Binyam Mohamed, a former UK asylum seeker, admitted to having read the ‘instructions’ after allegedly being beaten, hung up by his wrists for a week and having a gun held to his head in a Pakistani jail.

It was this confession that apparently convinced the CIA that they were holding a top Al Qaeda terrorist.

But The Mail on Sunday can reveal that the offending article – called How To Build An H-Bomb – was first published in a US satirical magazine [Seven Days] and later placed on a series of websites.

Written by Barbara Ehrenreich, the publication’s food editor, Rolling Stone journalist Peter Biskind and scientist Michio Kaku, it claims that a nuclear weapon can be made ‘using a bicycle pump’ and with liquid uranium ‘poured into a bucket and swung round’.

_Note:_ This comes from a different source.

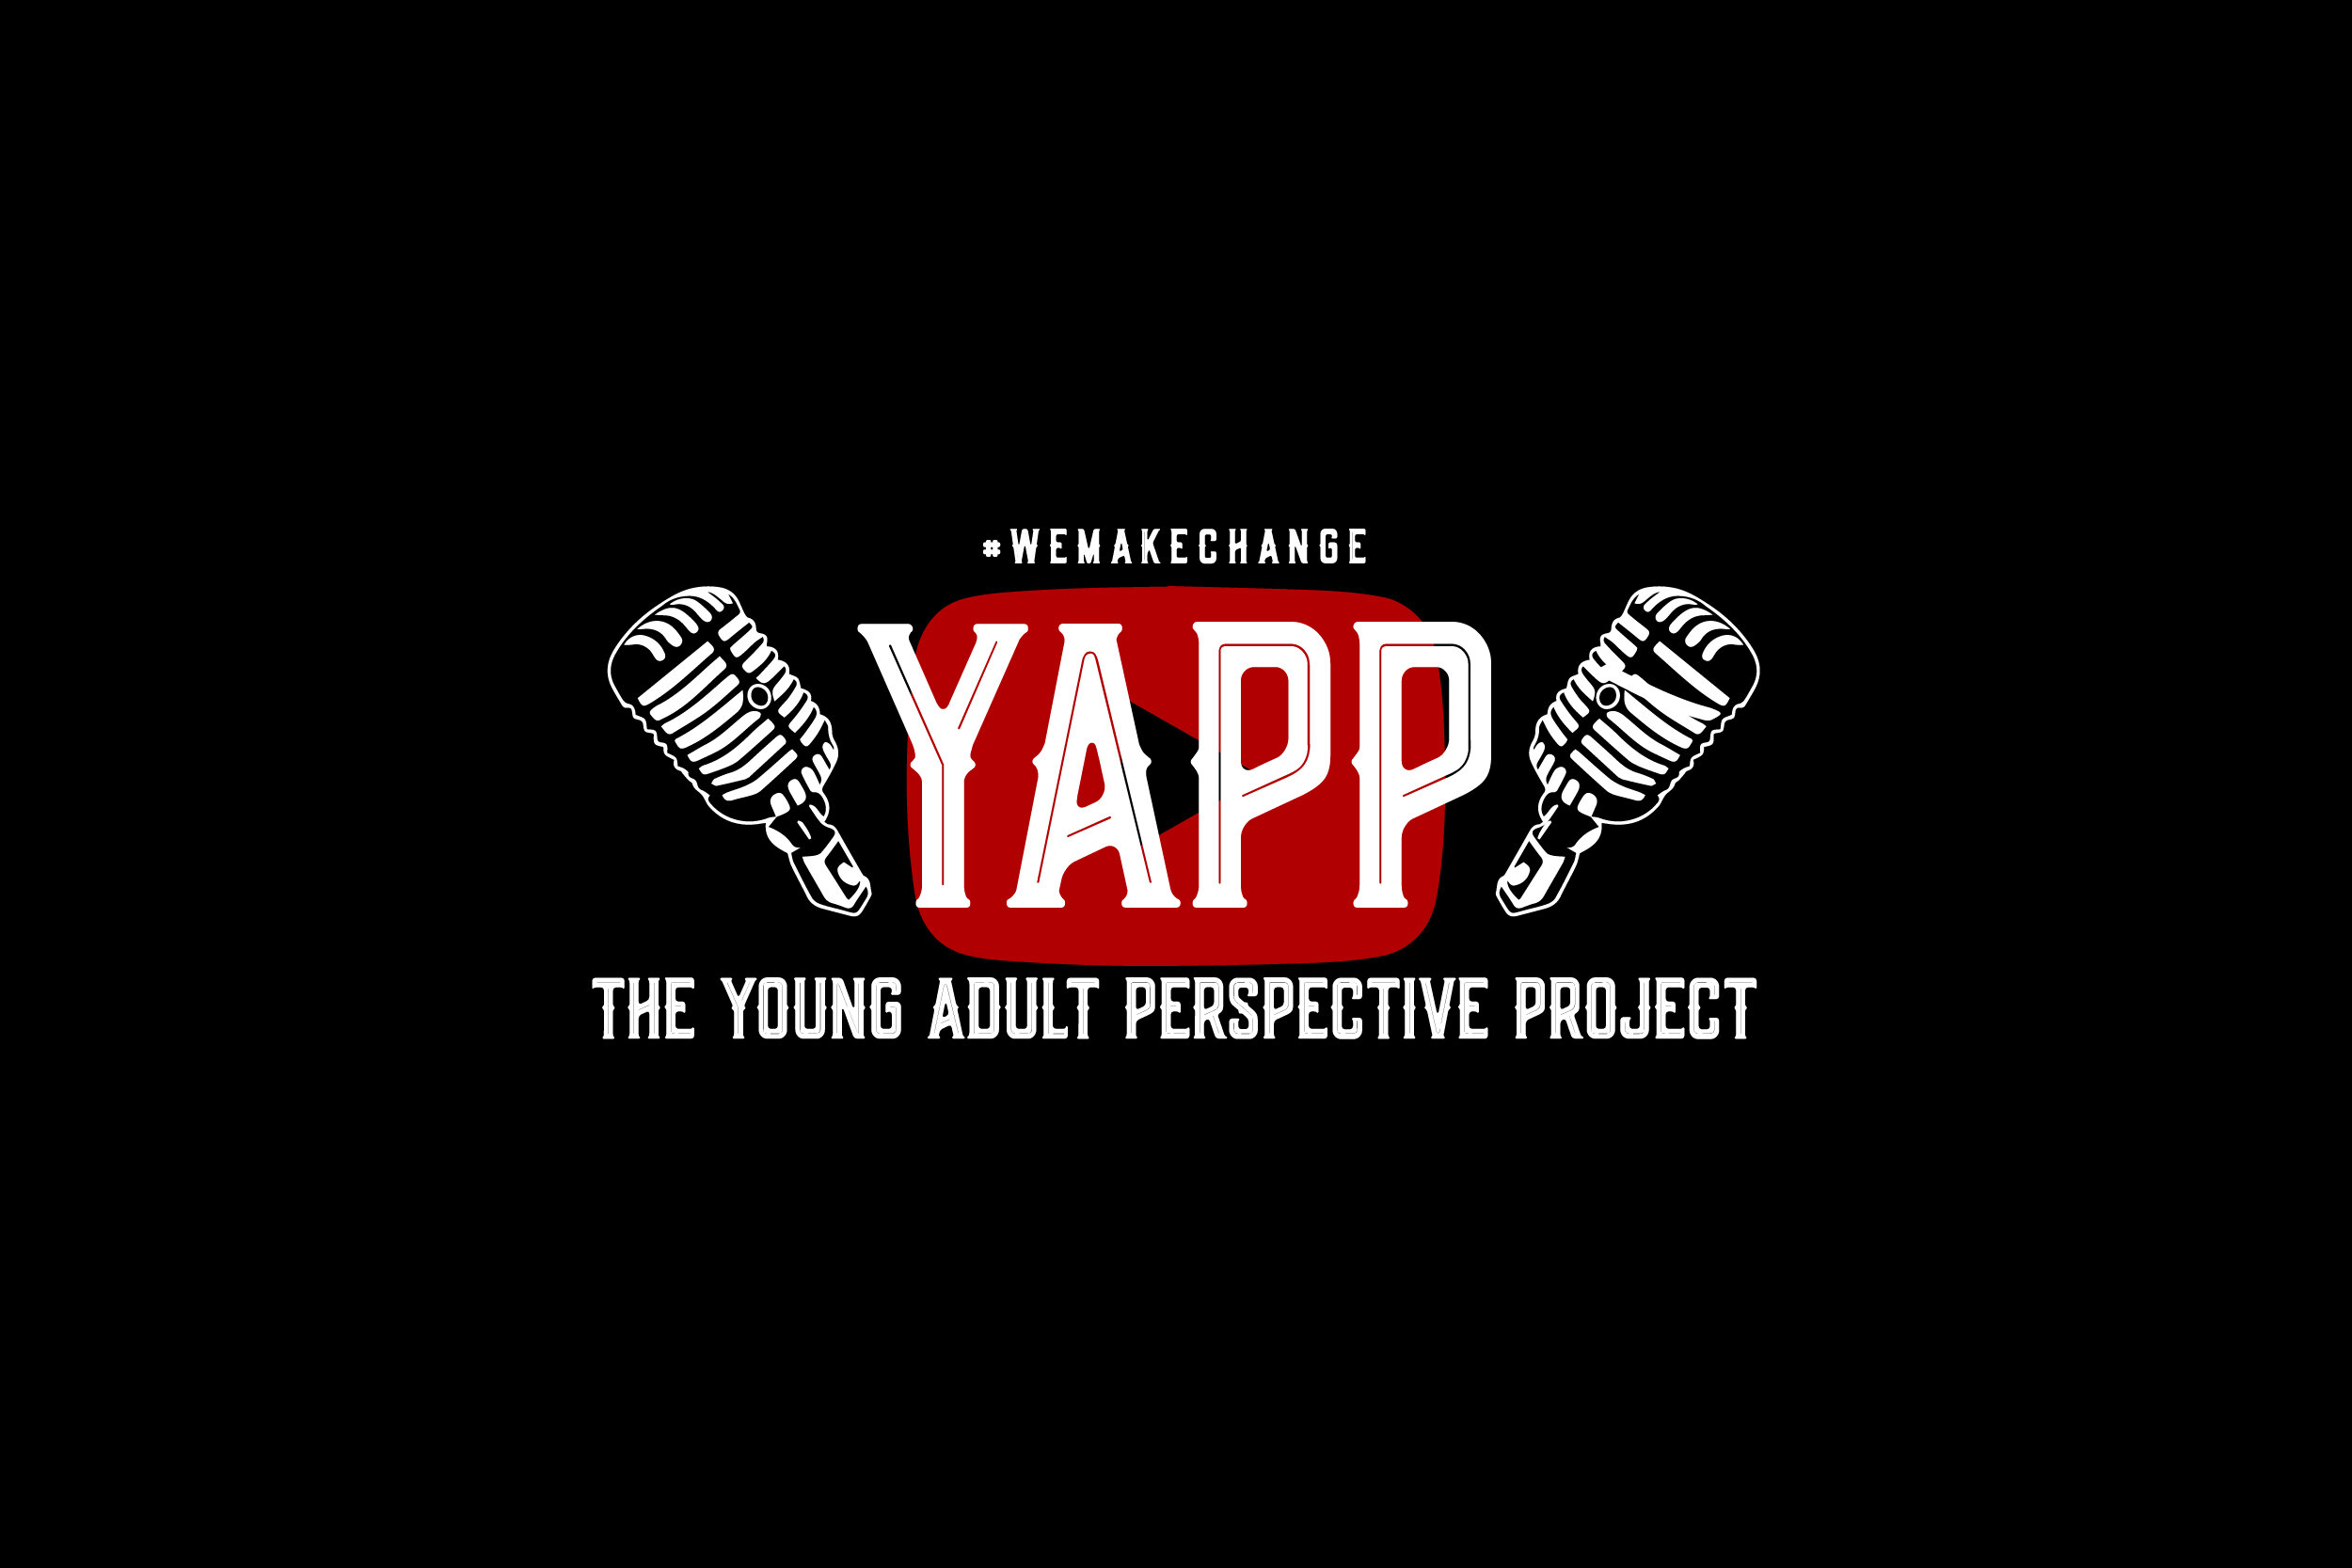 YAPP The Young Adult Perspective Project r1-02.jpg

Despite its clear satirical bent, the story led the CIA to accuse 30-year-old Mohamed, a caretaker, of plotting a dirty bomb attack, before subjecting him to its ‘extraordinary rendition programme’.



ACLU:

The American Civil Liberties Union today filed a federal lawsuit against Jeppesen Dataplan, Inc., a subsidiary of Boeing Company, on behalf of three victims of the United States government's unlawful "extraordinary rendition" program. The lawsuit charges that Jeppesen knowingly provided direct flight services to the CIA that enabled the clandestine transportation of Binyam Mohamed, Abou Elkassim Britel and Ahmed Agiza to secret overseas locations where they were subjected to torture and other forms of cruel, inhuman and degrading treatment.

In addition to filing this lawsuit on behalf of these three--two of whom remain imprisoned--the ACLU has also filed a petition for Supreme Court review of the Khaled El-Masri. You think the Roberts court will agree to hear it?